TL;DR At a high level, for people who complete our interventions, we see 71% feel more hopeful, 42% feel better about their bodies, and 67% feel less self-hatred. Completion rates range from 25-55%. Outcomes would most likely be lower for those who dropout prematurely.

More specifically:

We track multiple outcomes, depending on what the user may be presenting. If they are experiencing suicidal thoughts, we track conversion to crisis lines.

See here: https://psycnet.apa.org/record/2019-14424-004

We follow-up 5hrs later and ask general questions about their experience with the life line.

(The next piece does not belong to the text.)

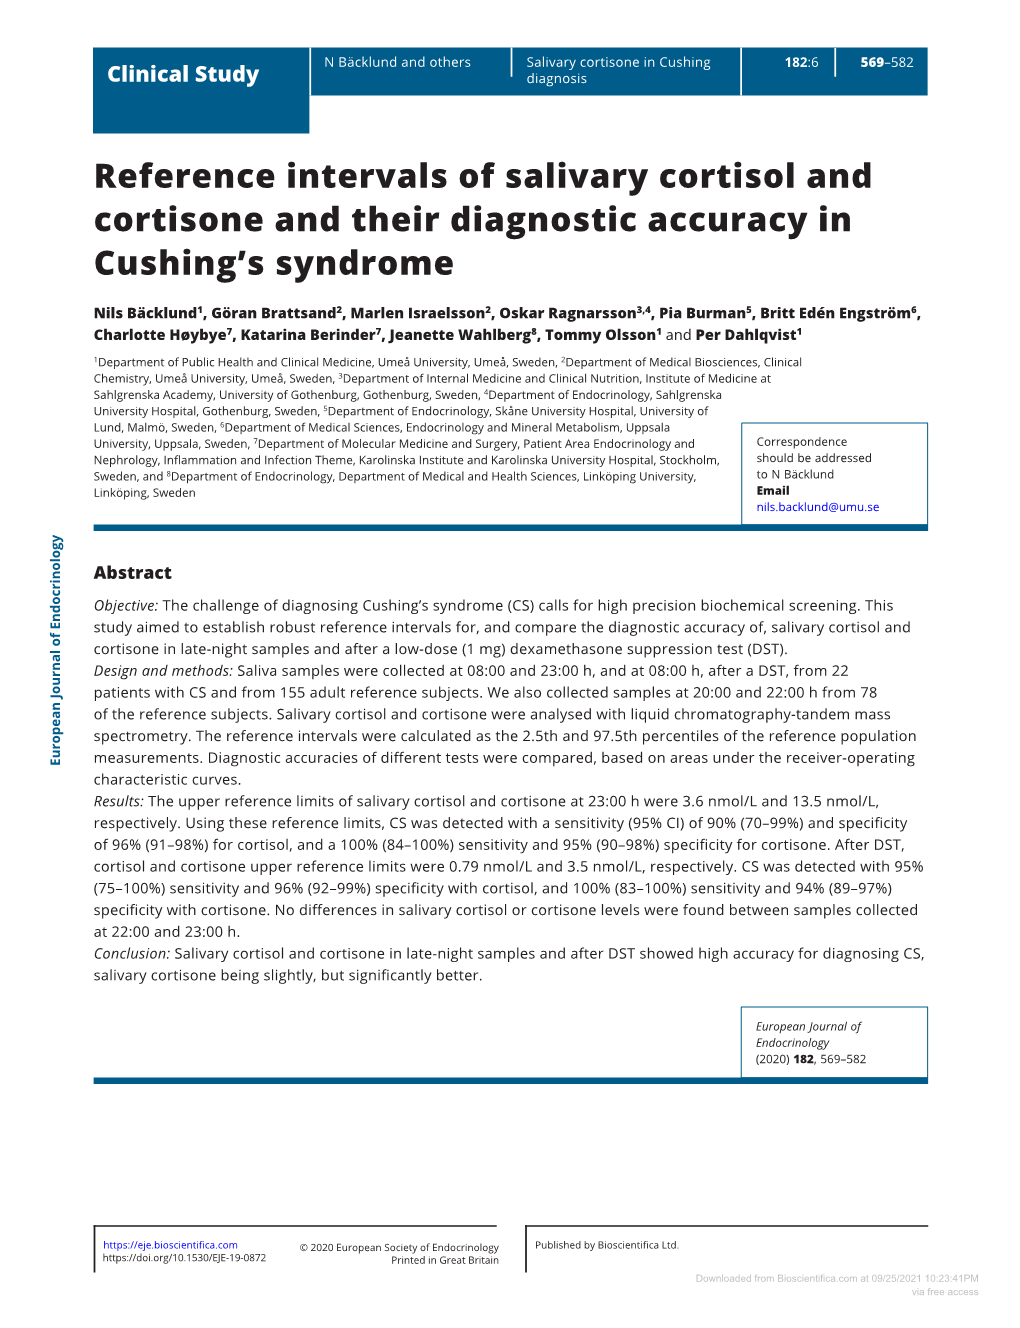 Reference Intervals of Salivary Cortisol and Cortisone and Their Diagnostic Accuracy in Cushing’S Syndrome

If they are experiencing self harm, in addition to crisis lines, we offer them a single-session online intervention on managing sh. For that, we see significant improvements pre vs post on measures like “self-hatred”, and “desire to stop selfharm”, with medium effect sizes (.4-.8 cohen’s d). Very hard to show enduring effects for this, however. This research, as well as our work on disordered eating, is still in prep.

For peer support, we have previously published data here: https://pubmed.ncbi.nlm.nih.gov/25835472/

And here: https://pubmed.ncbi.nlm.nih.gov/28903637/

For our interventions on mood and stress regulation, we’ve adapted single session interventions, alongside some wonderful collaborators at Stony Brook. They have published their work here: https://www.nature.com/articles/s41562-021-01235-0

1 comments

> We follow-up 5hrs later and ask general questions about their experience with the life line.

> If they are experiencing self harm, in addition to crisis lines, we offer them a single-session online intervention on managing sh. For that, we see significant improvements pre vs post on measures like “self-hatred”, and “desire to stop selfharm”, with medium effect sizes (.4-.8 cohen’s d). Very hard to show enduring effects for this, however.

Are you measuring in such a way that you can realistically determine which effects are due to the online intervention and which are due to the SH itself? I ask because after SH, especially a few hours later, I consistently have increased "desire to stop selfharm", and lessened "self-hatred". SH has that effect on me, hence its unfortunate use as a coping mechanism.

Good questions. And your experience makes a lot of sense. Ideally, we would see positive changes persist over many time points (and so we aren't measuring immediately before self-harming and immediately after). I'd be really grateful if you tried it provided some feedback for us: https://join.kokocares.org/koko-referral-lifelines?source=hn

Scroll to the bottom to try the "managing self-harm" mini course. It only takes 7-8min and there is a spot for feedback at the end.

Thanks for the reply.

When I click on the "managing self-harm" course, I only see a "form.typeform.com refused to connect" error. Seems this is because I'm using tor, which is the only way I'd feel comfortable legitimately using the service. Would be nice if there were a way to use the service via tor.

I did complete the course. All the negativity coupled with "it's easy!!" made me feel worse, but sounds like I'm an outlier. Is there a reason there are no positive statements in the course, like "I think I'm a good person"?